Issue 5, 2009
From the journal:

CrystEngComm

Metal–organic frameworks derived from bis-pyridyl-bis-amide ligands :  Effect of positional isomerism of the ligands, hydrogen bonding backbone, counter anions on the supramolecular structures and selective crystallization of the sulfate anion

N. N. Adarsh,a   D. Krishna Kumara  and  Parthasarathi Dastidar*a  

* Corresponding authors

a Department of Organic Chemistry, Indian Association for the Cultivation of Science, 2A & 2B Raja S C Mullick Road, Javapur, West Bengal
E-mail: parthod123@rediffmail.com, ocpd@iacs.res.in

Abstract

Three new metal–organic frameworks, namely [Co(μ-L1)2(Cl)2]n1, [Cd(µ-L1)2(NO3)2]n2 and [{Co(μ-L1′)(H2O)4}.SO4·3(H2O)]n3 (L1 = N,N′-bis-(4-pyridyl)isophthalamide, L1′ = N,N′-bis-(3-pyridyl)isophthalamide) have been synthesized and characterized.

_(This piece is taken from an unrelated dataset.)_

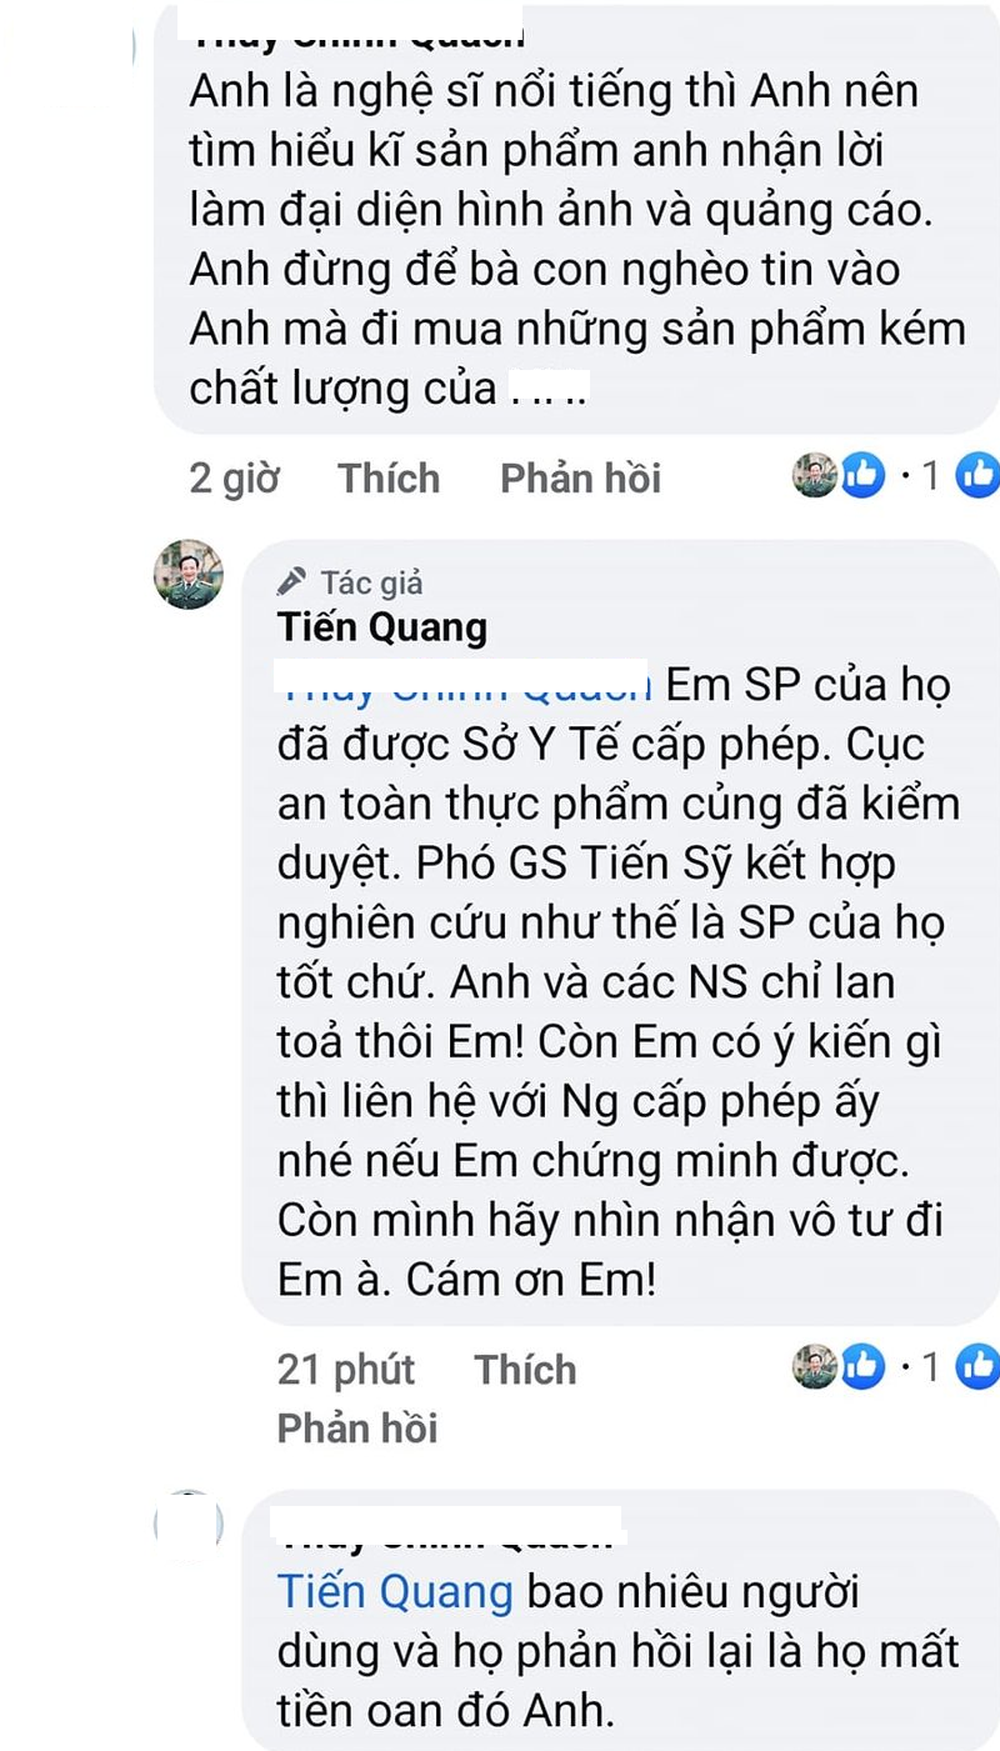 Bị khán giả vào tận Facebook nhắc nhở chuyện quảng cáo, NSƯT Quang Tèo lên tiếng - Ảnh 1.

The single crystal structures of 1–3 and the free ligand L1 are discussed in the context of the effect of positional isomerism of the ligands, hydrogen bonding backbone and counter anions on the supramolecular structural diversities observed in these MOFs. Selective crystallization of the sulfate anion from a mixture of L1′, CoSO4, Co(NO3)2, Co(ClO4)2, Co(OAc)2, Co(BF4)2 was evident from the isolation of 3 which was confirmed by powder X-ray diffraction, elemental analysis and IR data.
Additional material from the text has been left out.